Aspek membuat kesimpulan pada soal terdapat 3 indikator, menyimpulkan dan mempertimbangkan hasil deduksi, membuat kesimpulan materi dan membuat dan menilai faktor penting. Indikator menyimpulkan dan mempertimbangkan hasil deduksi terdapat 4 buah dalam soal dengan jumlah skor maksimum 10. Pada soal siswa diminta untuk membuat kesimpulan dari rentan pH yang sudah diketahui apakah larutan tersebut bersifat asam atau basa. Siswa yang mampu menjawab pada indikator menyimpulkan dan mempertimbangkan hasil deduksi yaitu 58%.

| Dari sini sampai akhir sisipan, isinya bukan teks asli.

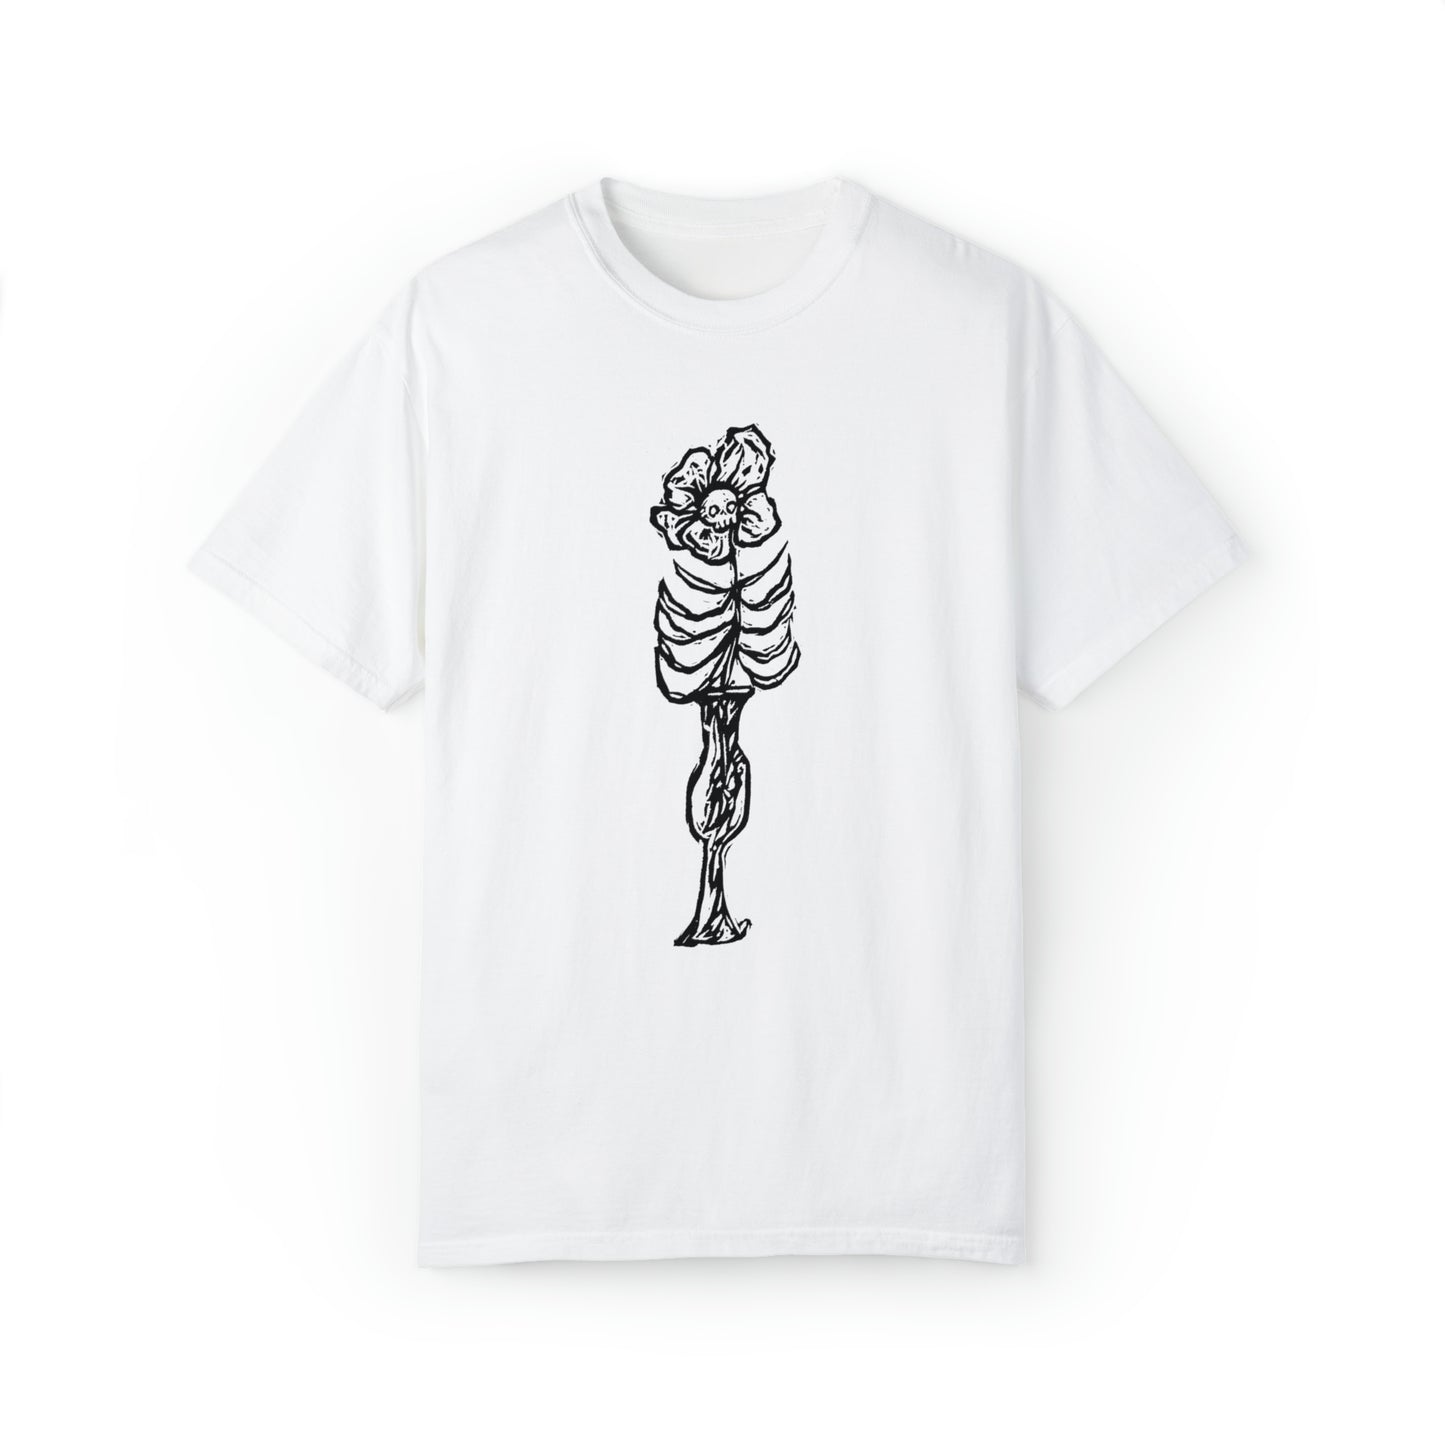 Creepy Flower Skull Halloween T-Shirt - Comfort Colors T-Shirt for Spooky Season and Goblincore Aesthetic

Indikator membuat kesimpulan materi terdapat 2 buah dalam soal dengan jumlah skor maksimum 6. Diberikan soal reaksi kesetimbangan untuk menentukan arah kesetimbangan berdasarkan nilai Ka. Siswa diminta untuk memberikan kesimpulan terkait nilai K yang mempengaruhi arah kesetimbangan. Siswa yang mampu menjawab pada indikator membuat kesimpulan materi yaitu 61%. Indikator membuat dan menilai faktor penting terdapat 1 buah dalam soal dengan jumlah skor maksimum 4. Diminta untuk menentukan konsentrasi ion OH- pada reaksi HCl dalam air. Siswa yang mampu menjawab pada indikator membuat dan menilai faktor penting yaitu 85%. Nilai rata-rata siswa yang mampu menyelesaikan soal pada aspek membuat kesimpulan yaitu 71%.

Aspek membuat penjelasan lanjutan pada soal terdapat 2 indikator mendefinisikan istilah dan mempertimbangkan suatu definisi serta mengidentifikasi asumsi. Indikator mendefinisikan istilah dan mempertimbangkan suatu definisi terdapat 4 buah dalam soal

dengan jumlah skor maksimum 13. Diberikan soal untuk memberikan definisi terkait urutan kekuatan larutan asam-basa. Siswa yang mampu menjawab pada indikator mendefinisikan istilah dan mempertimbangkan suatu definisi yaitu 12%. Indikator mengidentifikasi asumsi terdapat 3 buah dalam soal dengan jumlah skor maksimum 11.

Diberikan soal trayek perubahan pH dari larutan X2Y jika ditetesi bromtimol biru berwarna biru dan fenolftalein tidak berwarna lalu diminta untuk menentukan rentan pHnya.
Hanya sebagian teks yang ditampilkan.